◆ What to do ◆
Only lines, not pictures: please repeat exactly the lines from the one with "Новосибирск. Многоцелевые вертолеты" through the end of the listing.

◆ Data provided ◆
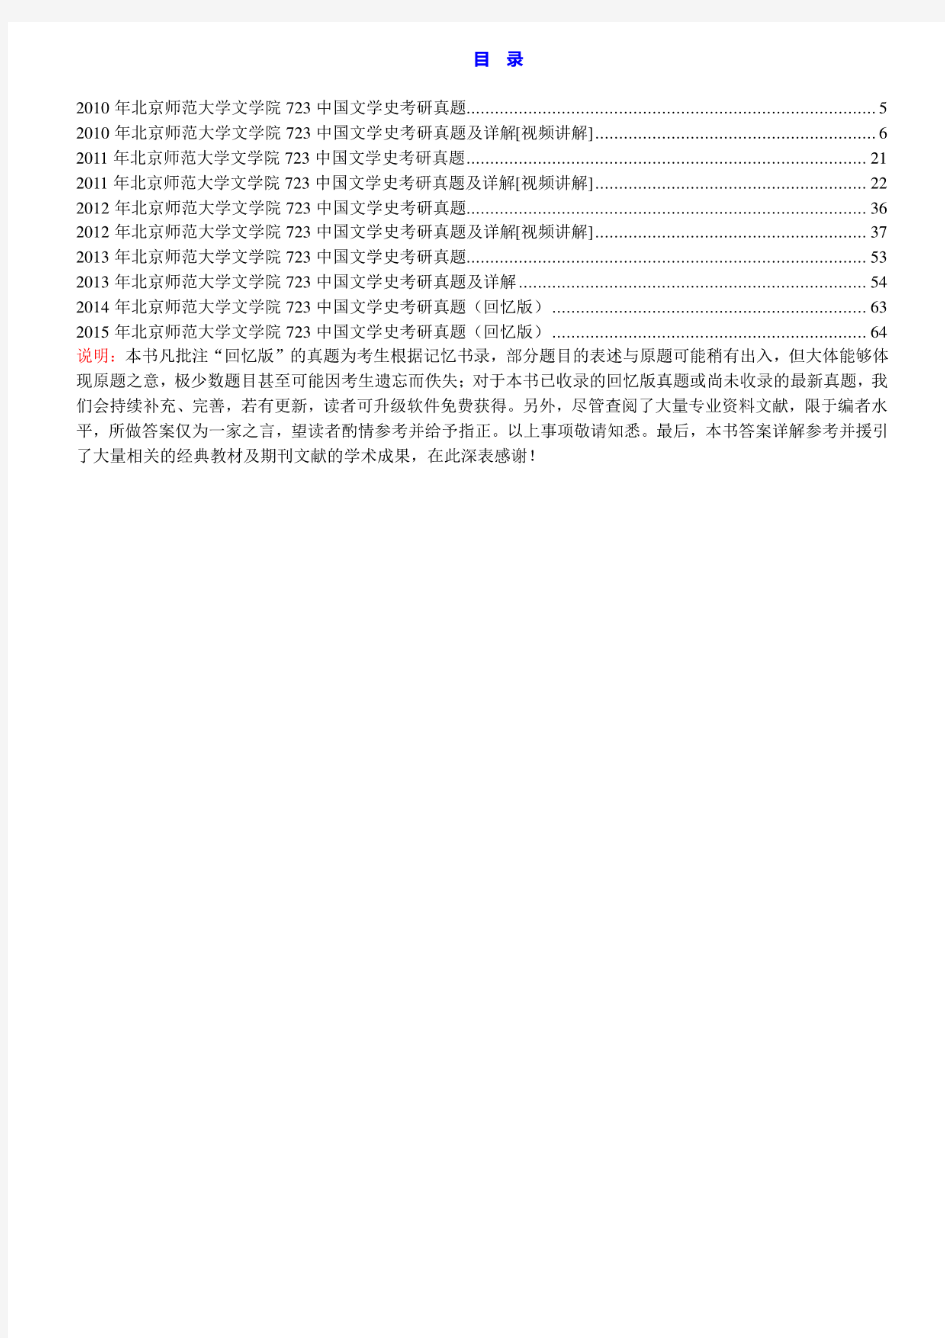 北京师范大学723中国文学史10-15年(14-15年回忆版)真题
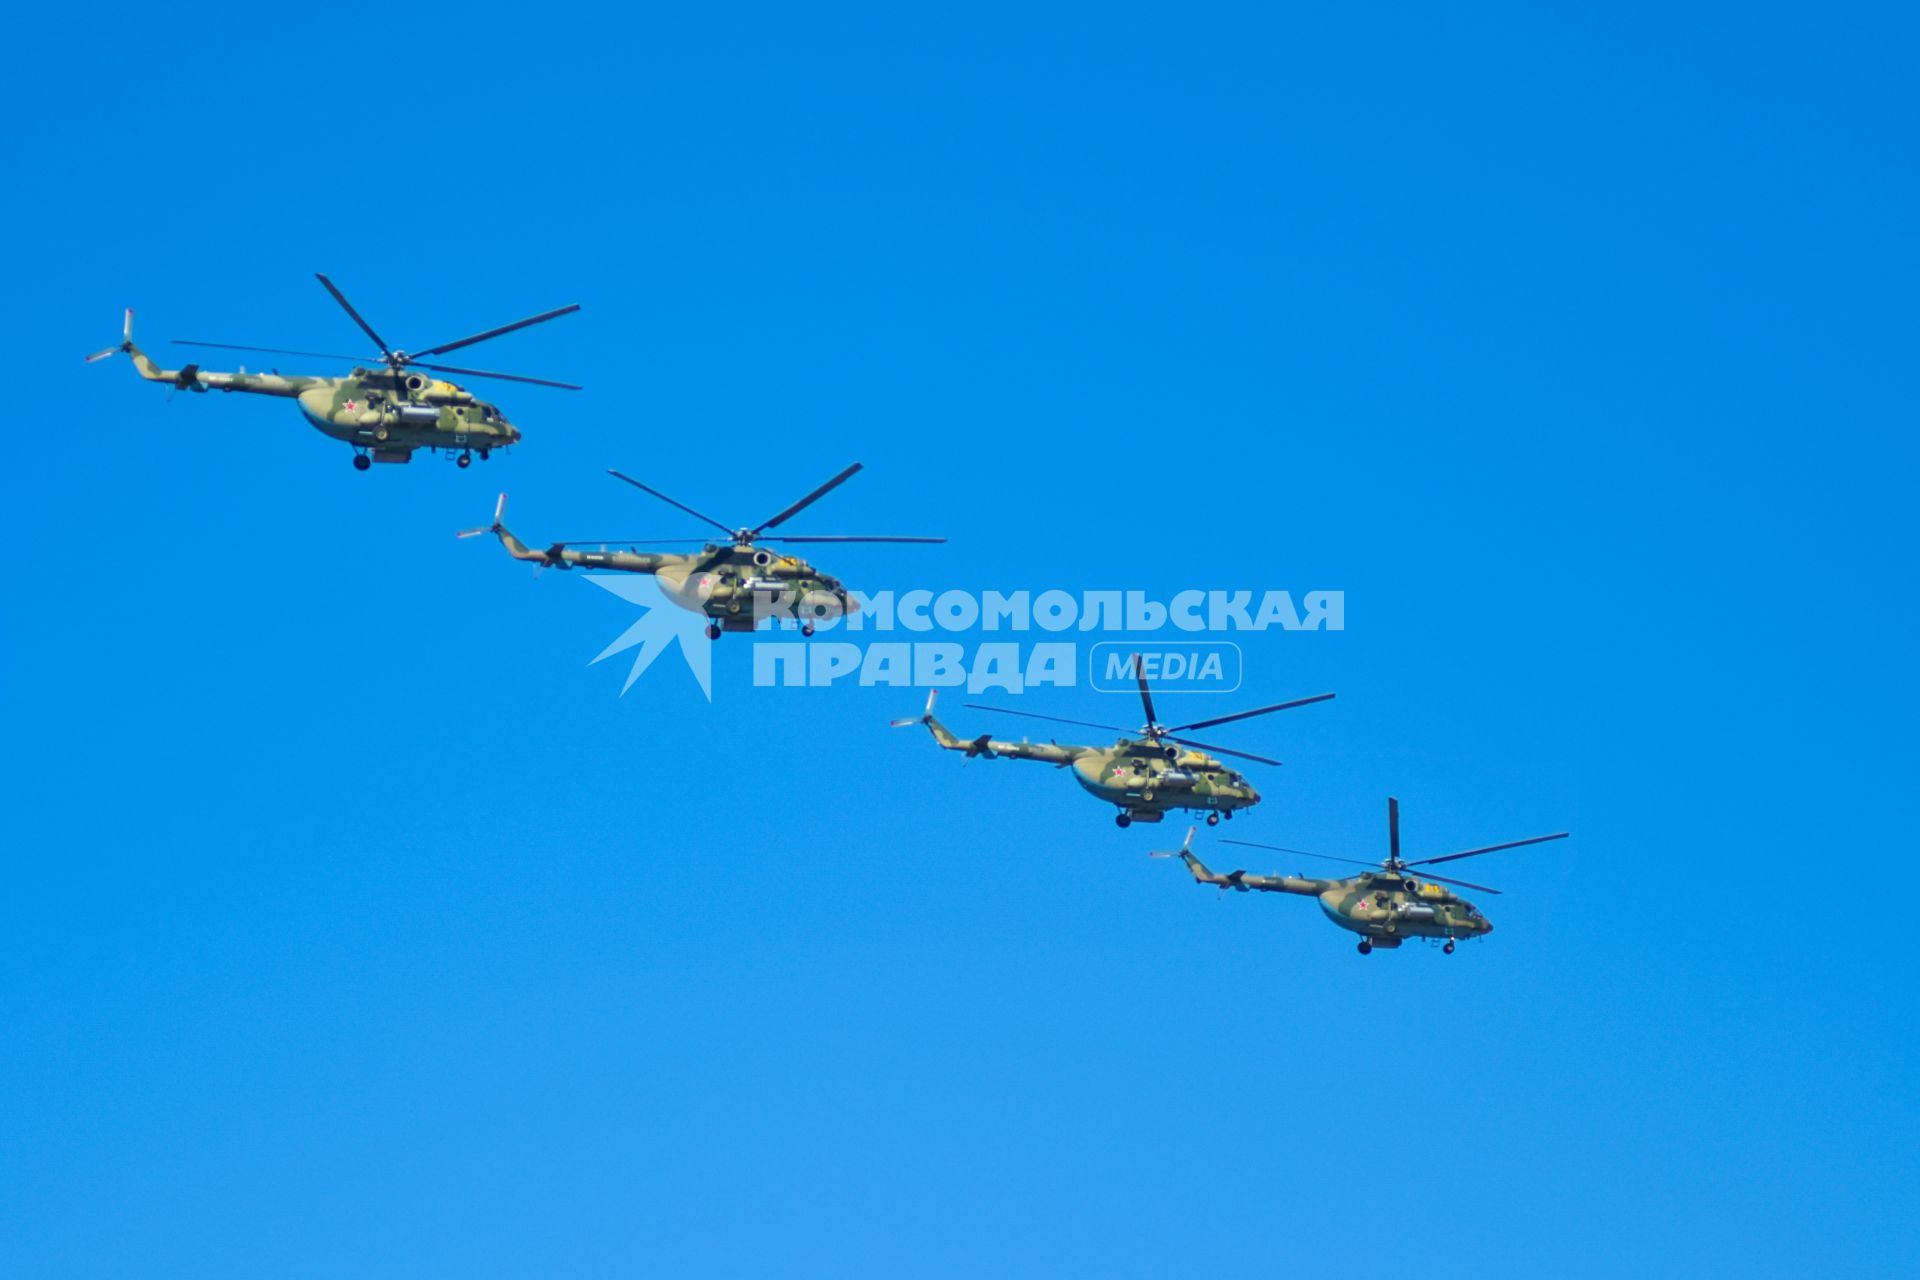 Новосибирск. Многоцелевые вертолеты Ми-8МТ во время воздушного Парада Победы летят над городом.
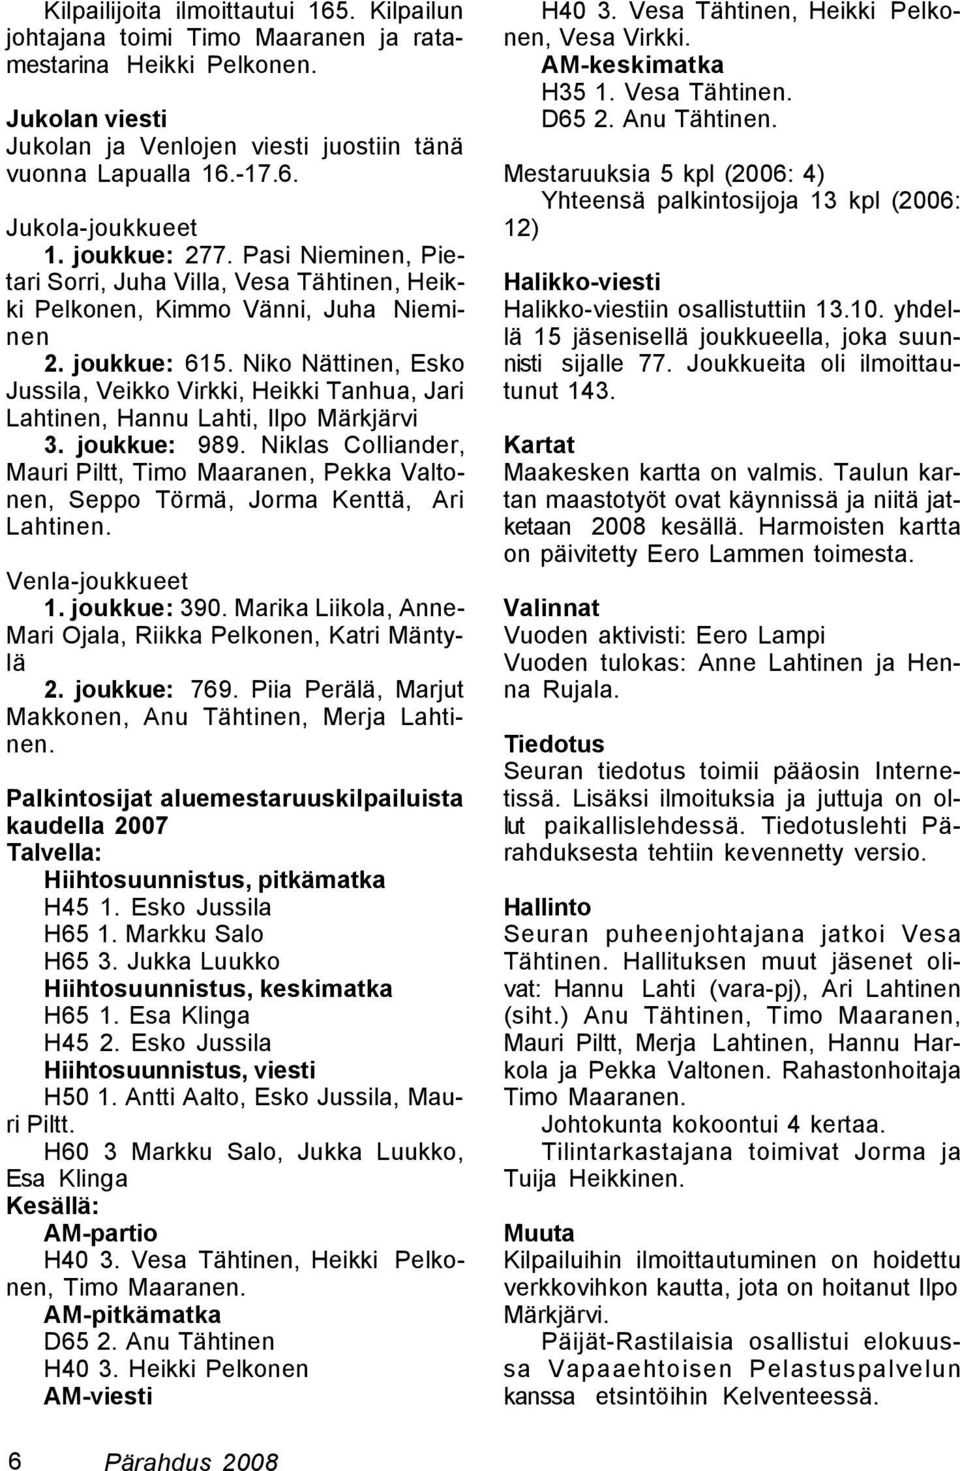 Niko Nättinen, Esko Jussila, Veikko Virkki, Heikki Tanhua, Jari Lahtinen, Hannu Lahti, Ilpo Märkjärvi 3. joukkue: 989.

◆ Exercise output ◆
 Новосибирск. Многоцелевые вертолеты Ми-8МТ во время воздушного Парада Победы летят над городом.
 Niko Nättinen, Esko Jussila, Veikko Virkki, Heikki Tanhua, Jari Lahtinen, Hannu Lahti, Ilpo Märkjärvi 3. joukkue: 989.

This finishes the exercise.